VI. The Committee suggests that in naming rice genes, the nomenclature should not include the abbreviation for rice. For example, R has been used to indicate genes, but R can also stand for rye or rose genes. The use of Os for Oryza also is not satisfactory.

VII. The protein product (or phenotype) of a cloned gene should be identical to the basic symbol for the gene, except that each letter in the symbol should be a capital Roman letter. For example, the product of the Adh 1 gene is designated ADH 1 (Hart and Gale 1988).

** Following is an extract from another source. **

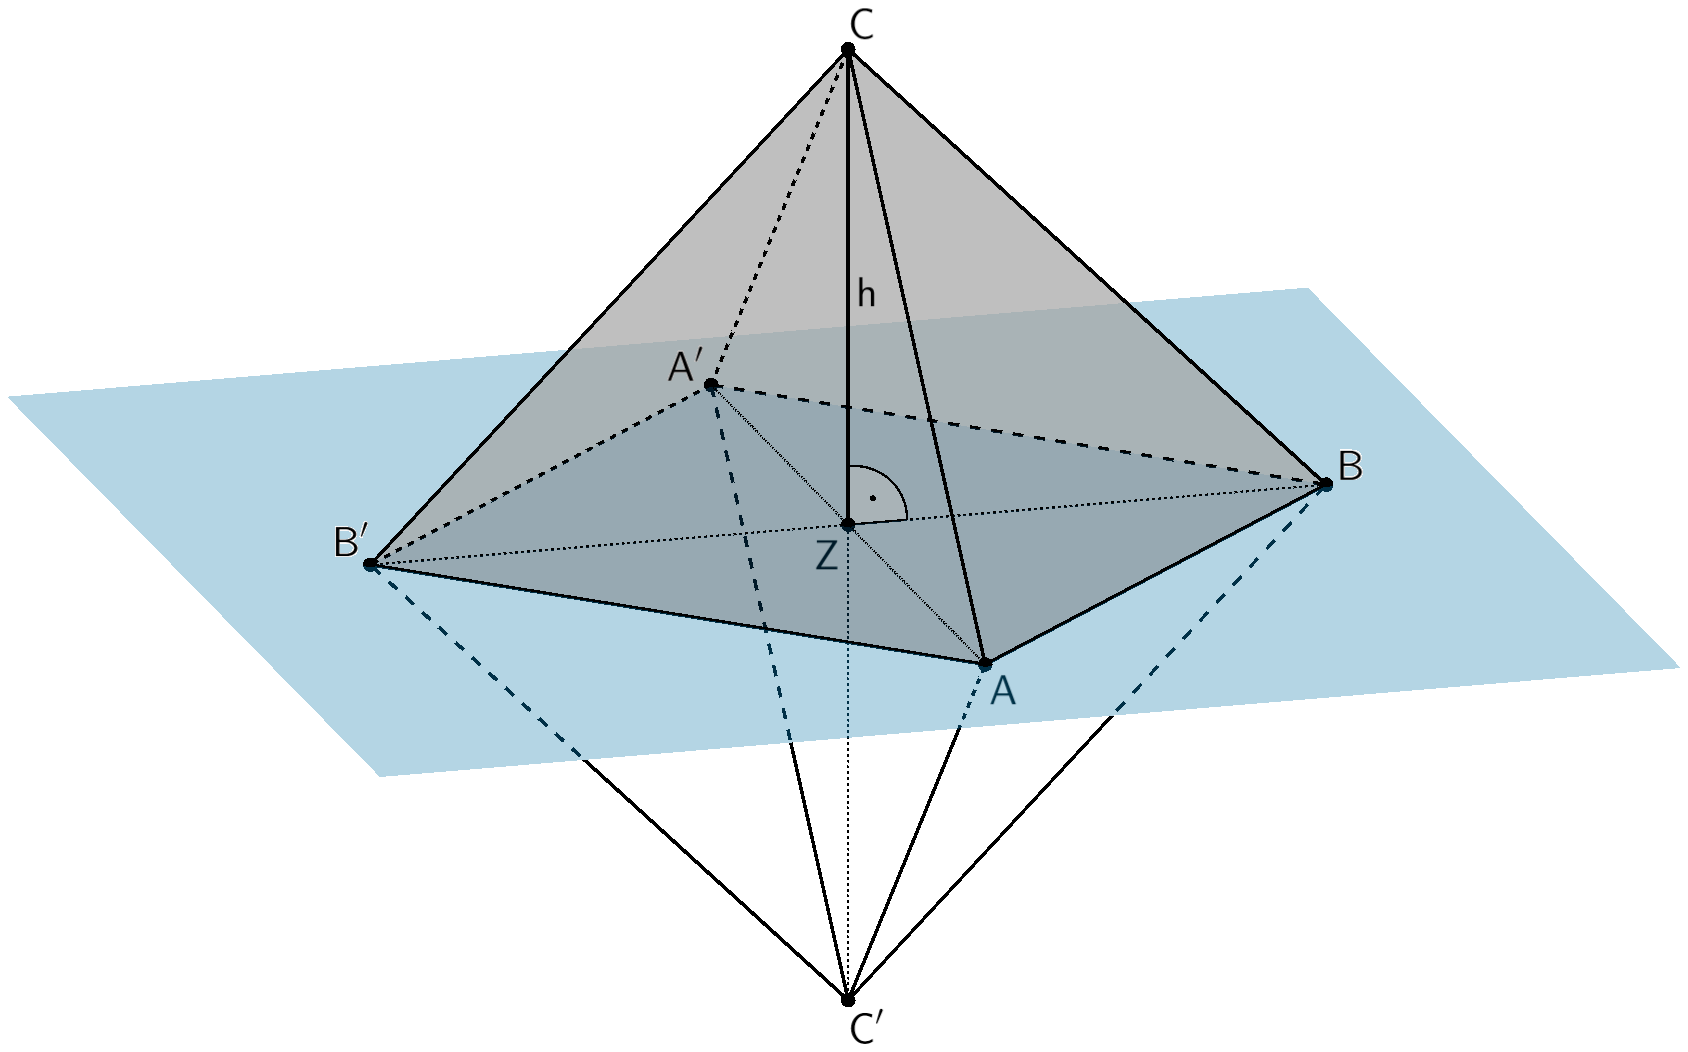 Oktaeder ABA'B'CC', Pyramide ABA'B'C mit Höhe h und Ebene, in der die Punkte A, B und Z liegen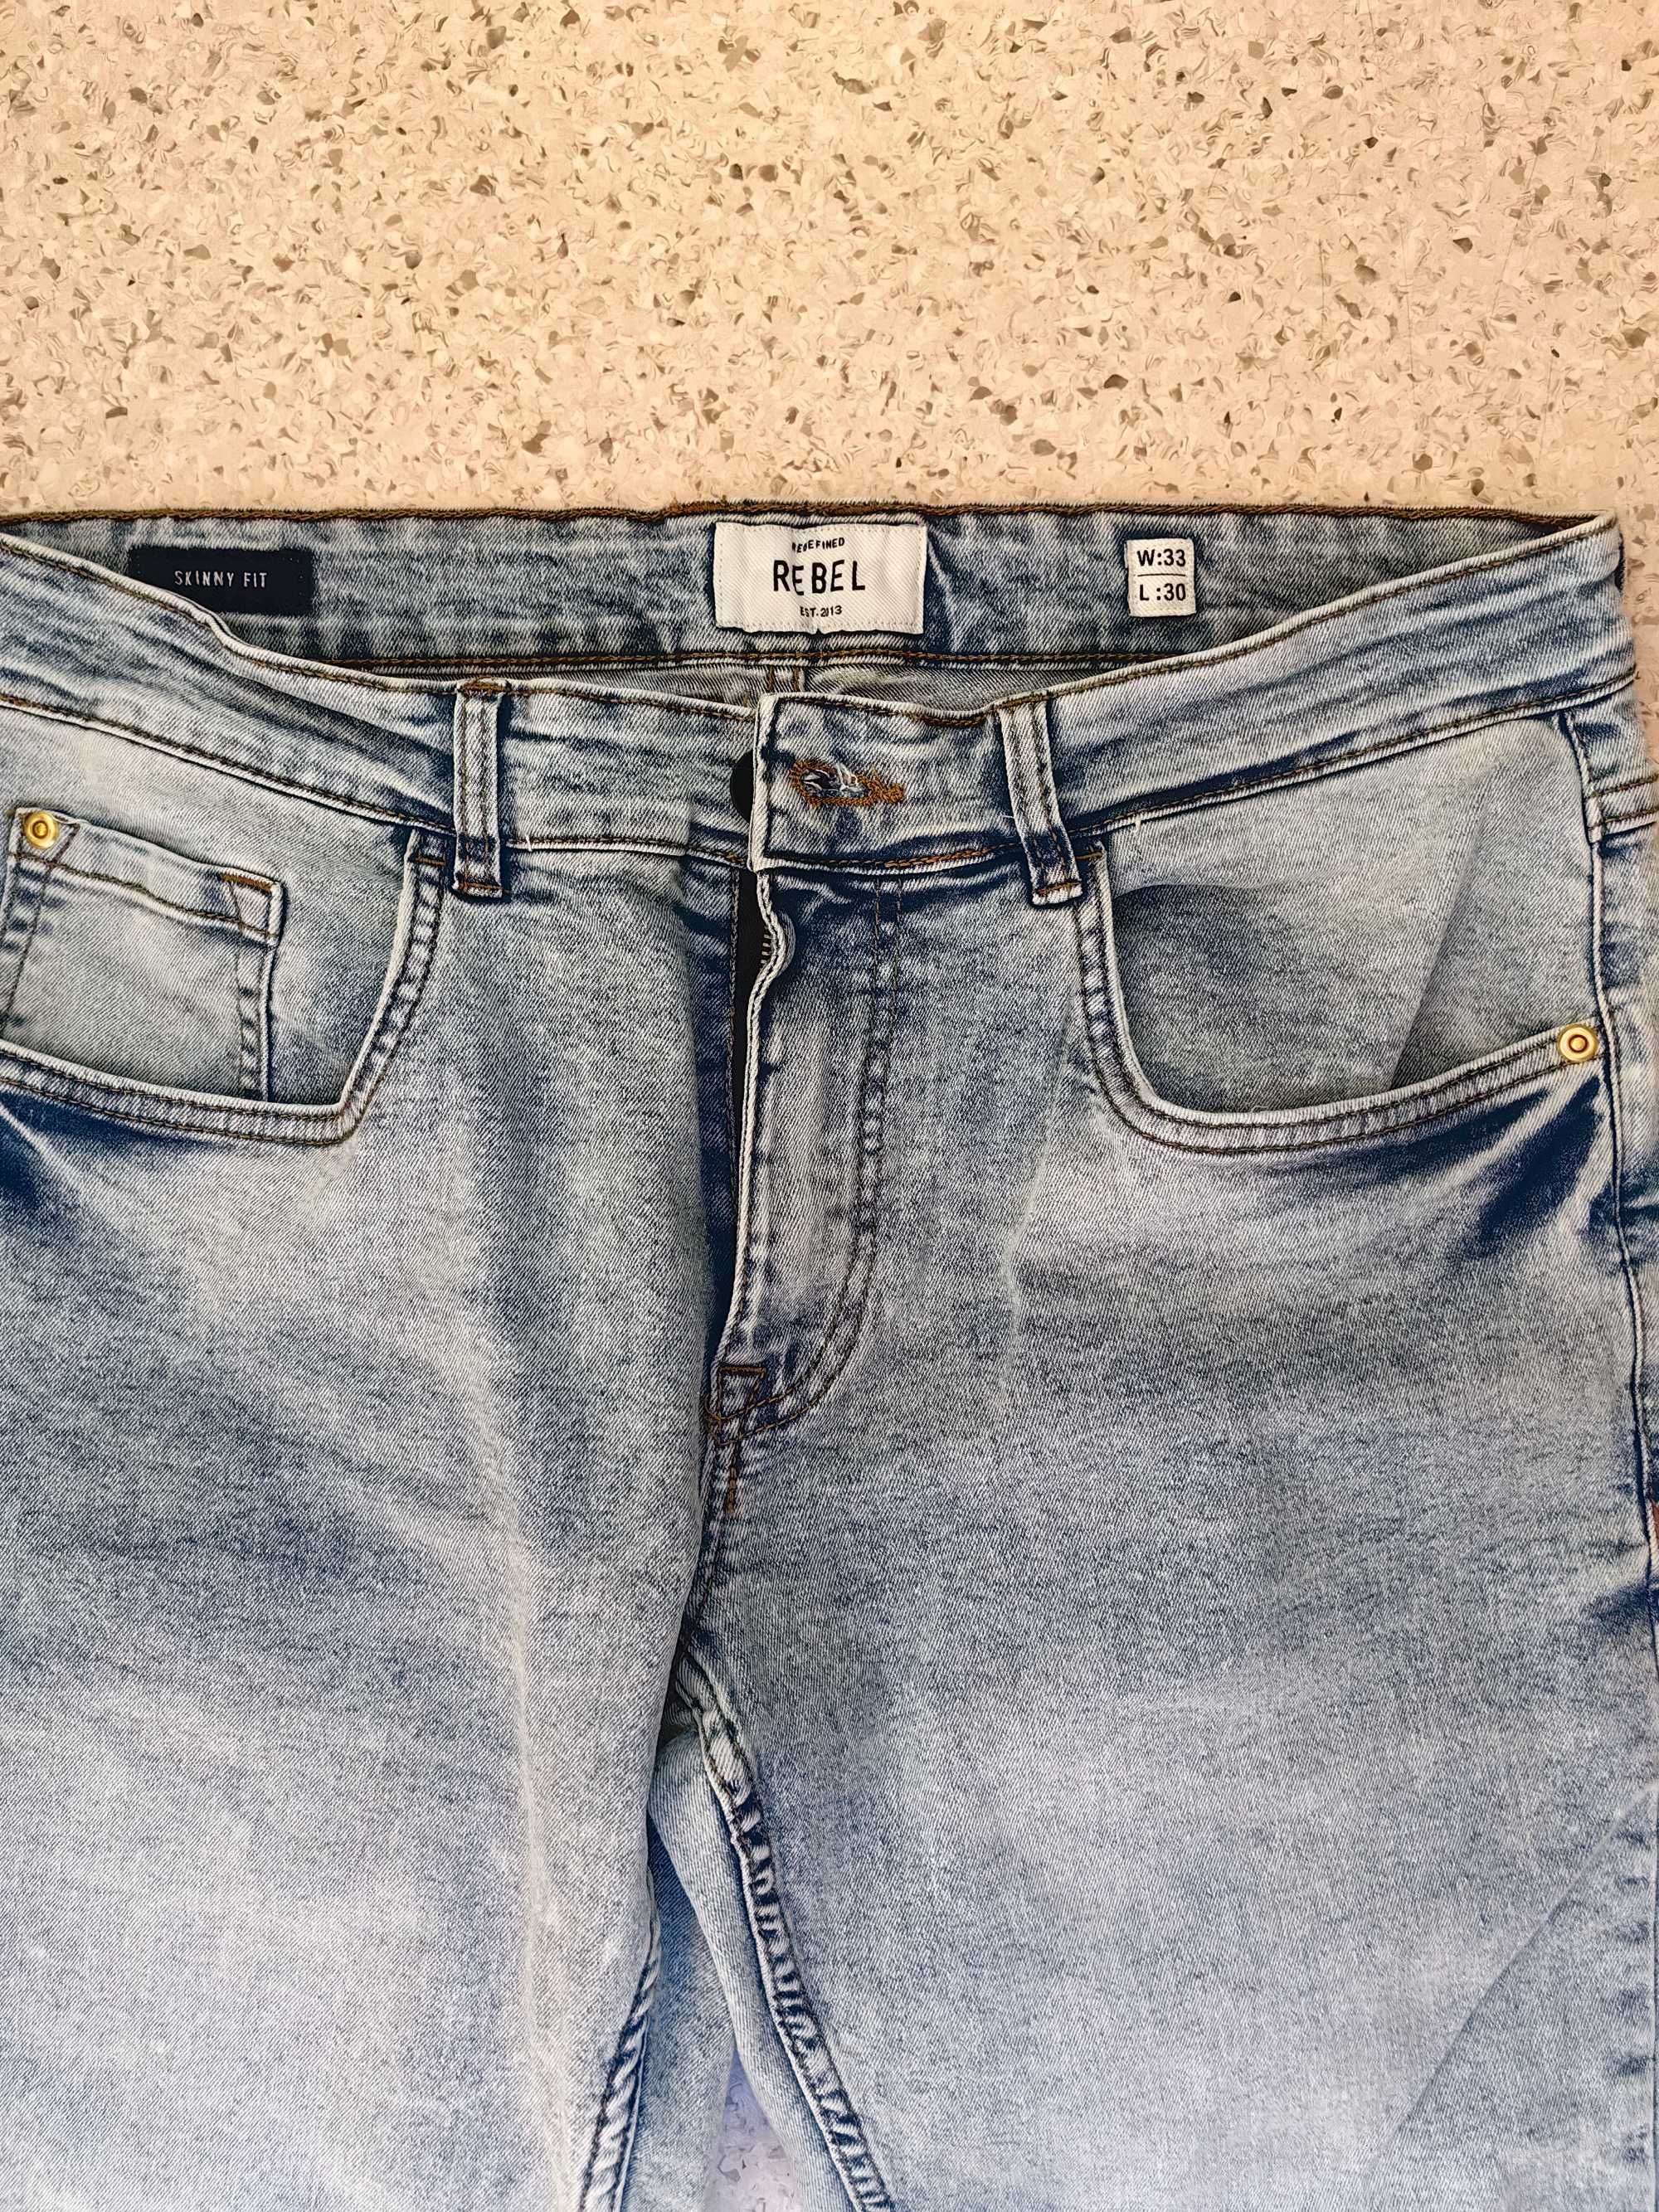 Spodnie, jeansy, Rebel, r. L, męskie

VIII. The Committee suggests that the recommendations be considered as tentative. We welcome suggestions for improvement or additions from other scientists. A revised guideline will be published every year or two.


In general, the naming system of rice chloroplast and mitochondrial genes should be the same at those of other higher plants. Detailed rules and recommended nomenclature for known genes can be found in the following articles: Plant Mol. Biol. Reported 1, 38-43 (1983); 6, 14-21 (1988); 6, 266-273 (1988); 7, 266-275 (1989).

I. The gene name should include two parts. The first part, a three-letter code in lower-case letters to designate the group to which the gene product belongs. The second part, one or more capitalized letters or numbers to designate specific genes. The gene name is italicized.

II. Groups of genesthat are related in coding function should have the same three-letter code. For groups of gene-encoding polypeptides, the capitalized letters or numbers used to designate specific genes within a group do not necessarily carry any connotation about the molecular weight of the polypeptide or relative gel electrophoretic mobility.


G. H. Hart and M. D. Gale, 1988. Guidelines for nomenclature of biochemical/molecular loci in wheat and related species. Draft copy of July 4, 1988.

T. Kinoshita, 1986. Report on the Committee on Gene Symbolization. RGN 3: 4-7.

C. Price, 1989. Nomenclature for cloned plant genes. Plant Mol. Biol. Reporter 7: 99-103.